Interpretation of the coordinate formula
for the dot product in 3D

Harry Hirsch
Antwerp, Belgium

Oct 7, 2016

The dot product of two vectors $\overrightarrow{A}(a_1, a_2, a_3)\;$ and $\overrightarrow{B}(b_1, b_2, b_3\;$) which are at an angle $\alpha\;$ is well-known to be $\overrightarrow{A}\cdot\overrightarrow{B} = |\overrightarrow{OA}|\cdot|\overrightarrow{OB}|\cdot\cos\alpha = a_1b_1 + a_2b_2 + a_3b_3,\;$ representing a projection of one vector onto the other.

In a classical proof, one first looks at $|\overrightarrow{B}-\overrightarrow{A}|^2,\;$ which by the Pythagorean theorem is equal to $(b_1-a_1)^2+(b_2-a_2)^2+(b_3-a_3)^2.\;$ After working this out and rearranging, this gives $|\overrightarrow{A}|^2+|\overrightarrow{B}|^2-2(a_1b_1 + a_2b_2 + a_3b_3).\;$ On the other hand, the cosine rule states that $|\overrightarrow{B}-\overrightarrow{A}|^2=|\overrightarrow{A}|^2+|\overrightarrow{B}|^2-2|\overrightarrow{A}||\overrightarrow{B}|\cos\alpha,\;$ giving the result. In another proof, one also includes the fact that the dot product between orthogonal vectors is zero, so that $\overrightarrow{A}\cdot\overrightarrow{B} = (a_1\overrightarrow{x} + a_2\overrightarrow{y} + a_3\overrightarrow{z})·(b_1\overrightarrow{x} + b_2\overrightarrow{y} + b_3\overrightarrow{z}) = a_1b_1 + a_2b_2 + a_3b_3,\;$ where $\overrightarrow{x},\overrightarrow{y},\overrightarrow{z}\;$ are the three unit vectors of the orthogonal basis.

geometric interpretation of scalar product in 2D

It therefore seems like this coordinate formula is a purely algebraic expression. However one might like to know if there is a geometric interpretation of the coordinate formula, from which one can then prove the projection formula.

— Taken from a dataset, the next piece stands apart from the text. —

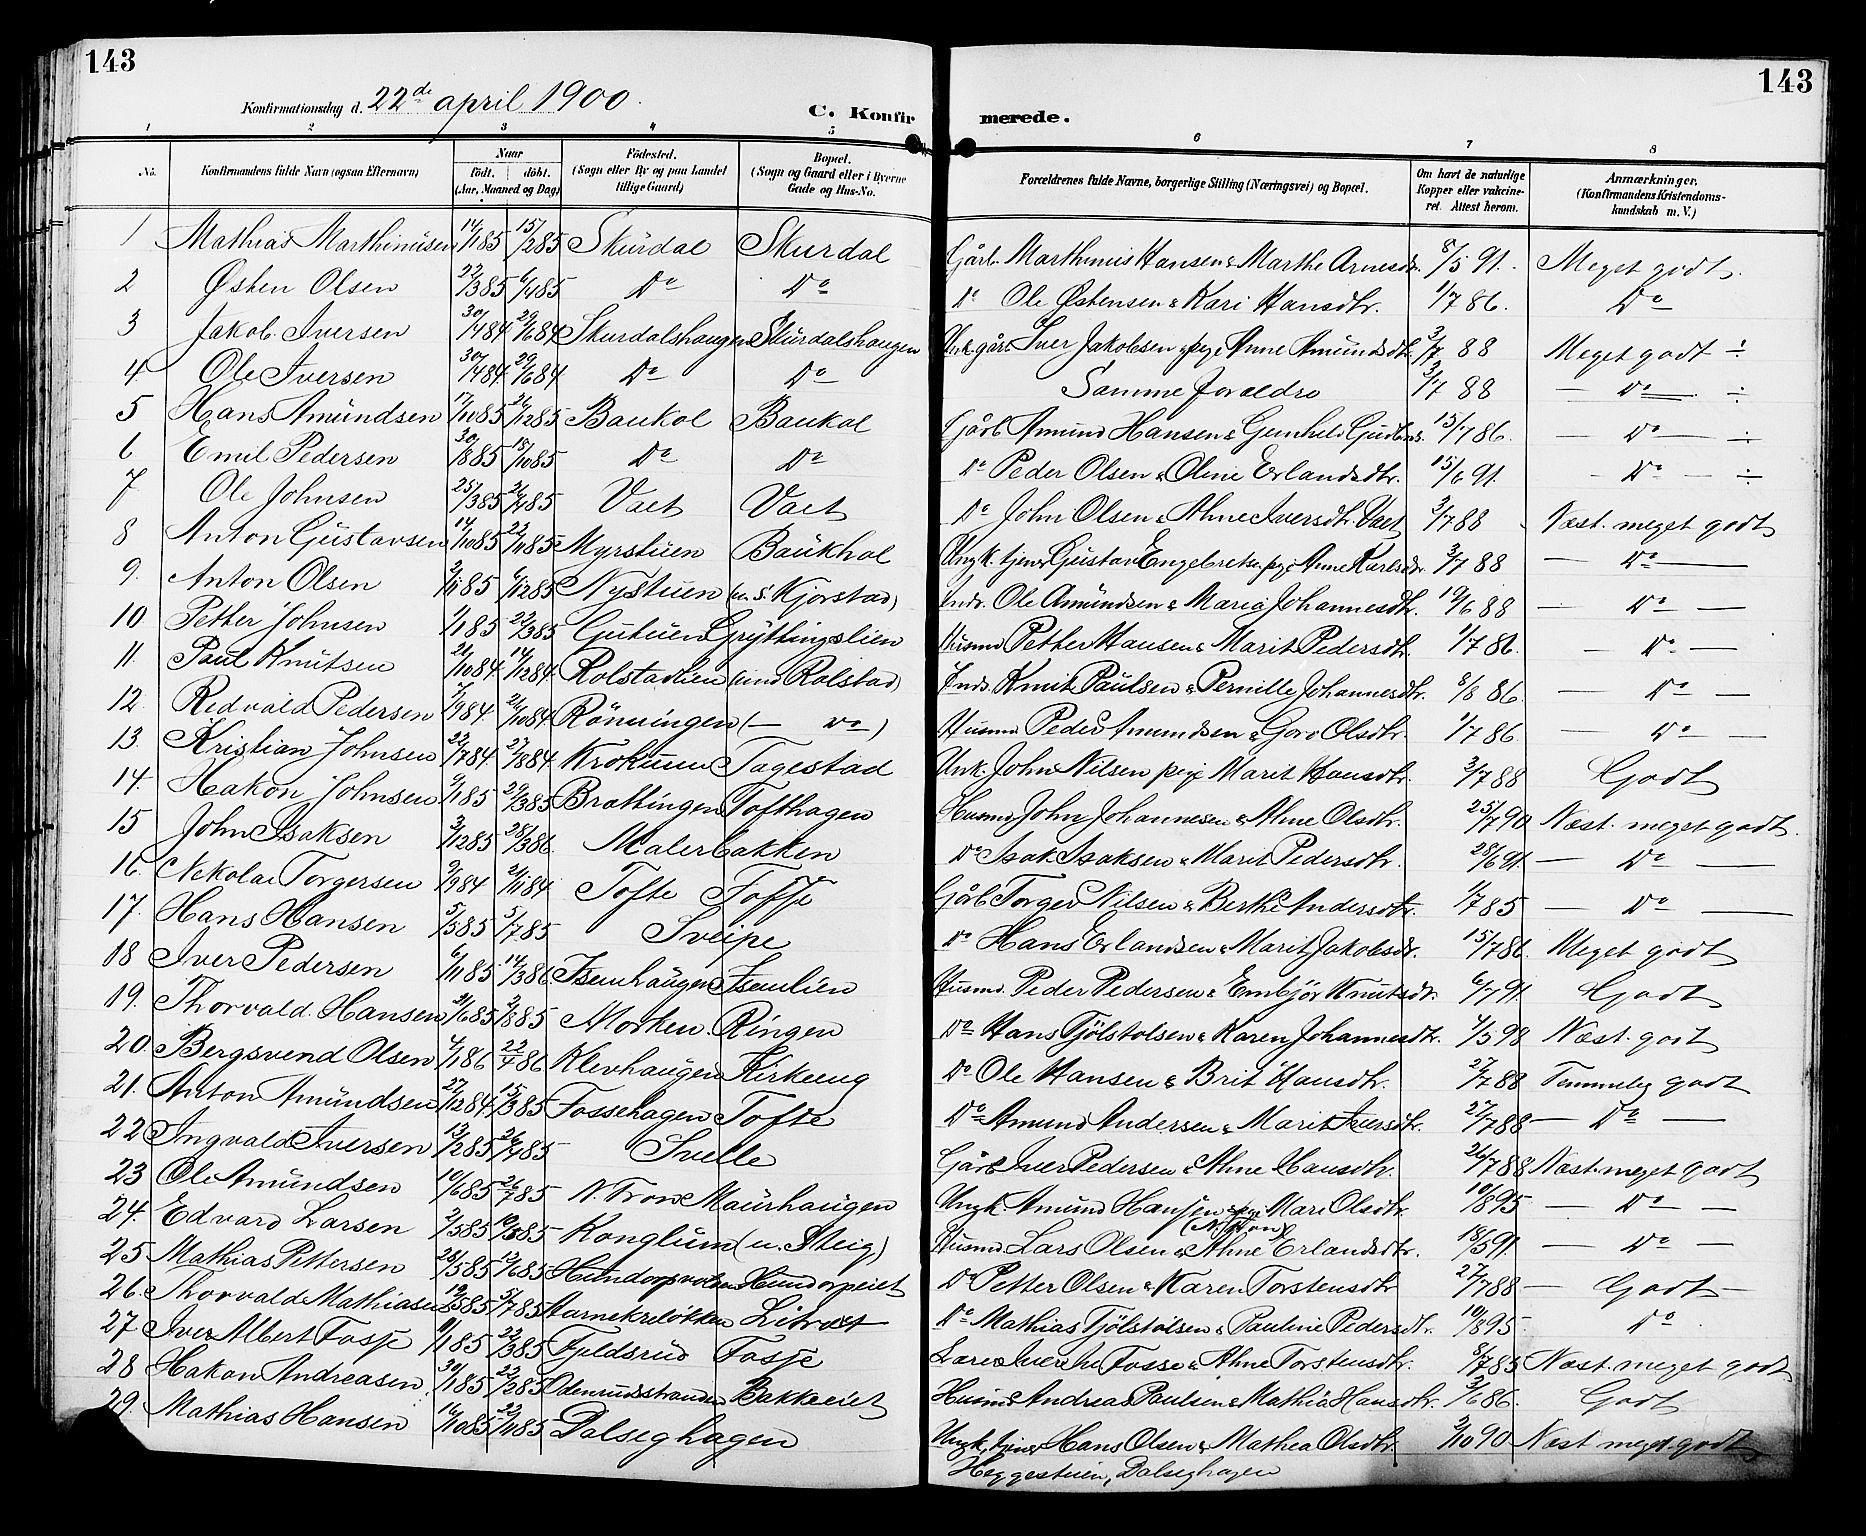 SAH, Sør-Fron prestekontor, H/Ha/Hab/L0004: Klokkerbok nr. 4, 1896-1911, s. 143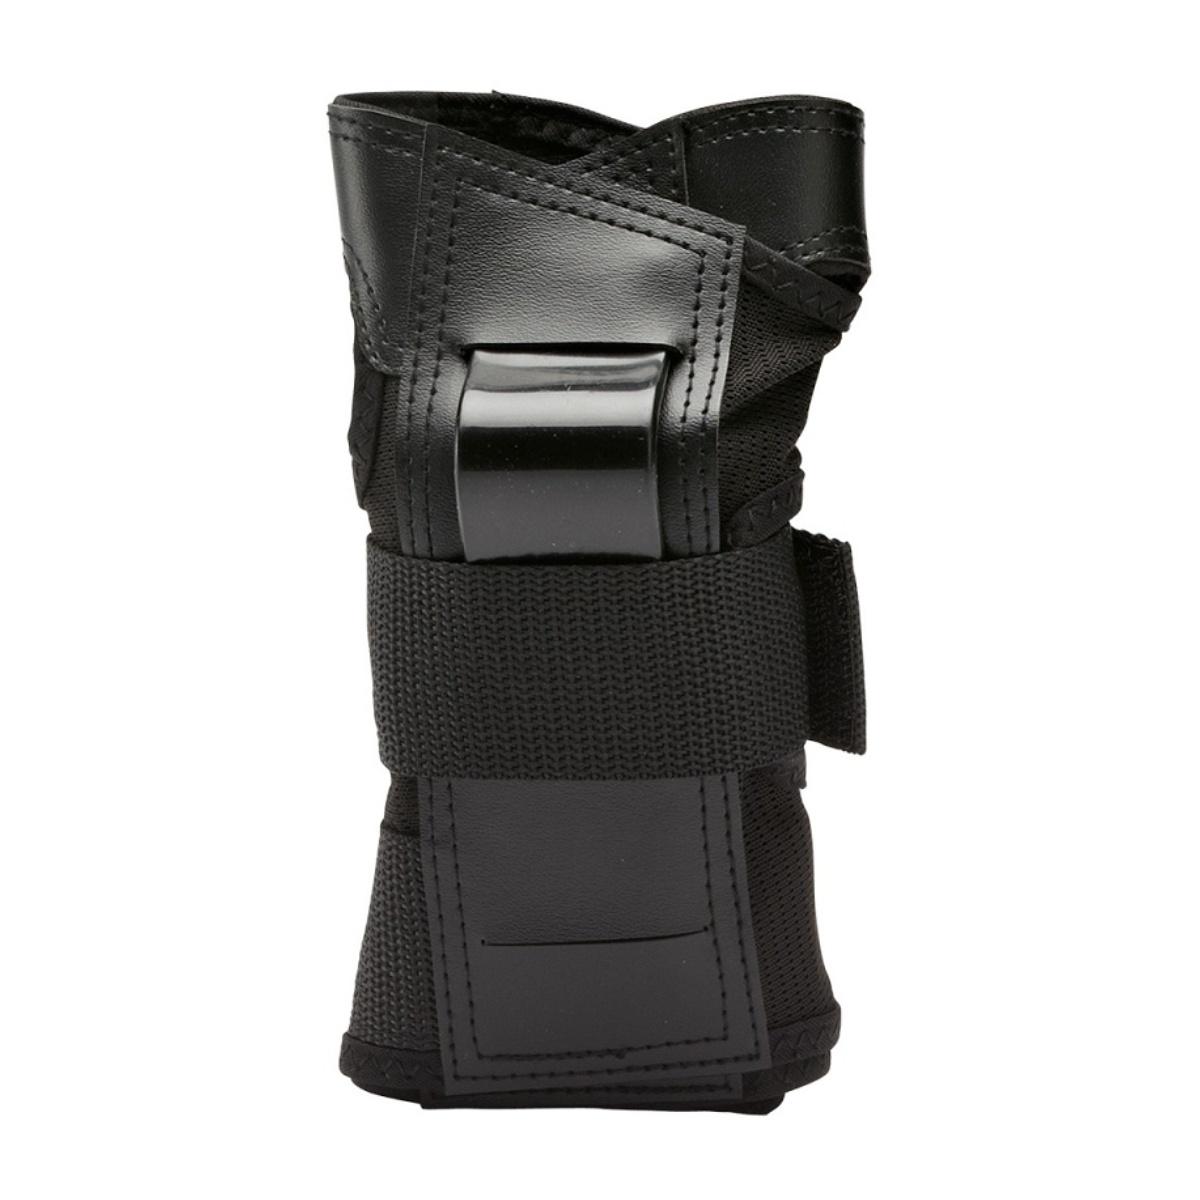 Chrániče K2 Prime M Wrist Guard - vel. L

Now in 2D, one already has for $\overrightarrow{A}\;$ at angle $\alpha\;$ and $\overrightarrow{B}\;$ at angle $\beta,\;$ both unit vectors, that $\cos (\alpha-\beta ) = \cos\alpha \cos \beta + \sin\alpha\sin\beta.\;$ One can then rescale the equation, by replacing all the terms with the appropriate ratios, e.g. $\cos\alpha =\displaystyle\frac{a_1}{|OA|}\;$ and so on $(|OA|\;$ is the distance (see Figure 1a) between the origin $O,\;$ and point $A:\;$ $|OA|=|\overrightarrow{A}|),\;$ to give the dot product in 2D. Geometrically (Figure 1a), $|OA_1|=\cos\alpha,\;$ and $|A_1A|=\sin\alpha.\;$ Now draw two perpendicular lines from the points $A_1\;$ and $A\;$ onto the line segment $OB.\;$ Then

$|OD| = |OA_1| \cos \beta + |A_1A|\sin \beta = \cos\alpha \cos \beta + \sin\alpha\sin \beta.$

Rescaling gives the desired equation. For Pythagoras’ theorem (Figure 1b), we then have

$1 = |OC| + |CA| = |OA_1| \cos\alpha + |A_1A| \sin\alpha = \cos 2\alpha + \sin 2\alpha.$

followed by rescaling. This boils down to the proof of similar triangles but can be generalized.

Dot Product in 3D

geometric interpretation of scalar product in 3D

In 3D the coordinates of a unit vector are direction cosines, namely the cosine of the angle the vector makes with each respective axis. (Actually, as $\cos(\pi/2 - \alpha) = \sin\alpha,\;$ the proofs in 2D are visually more appealing using the cosine of the complementary angle, as indicated in Figure 1.)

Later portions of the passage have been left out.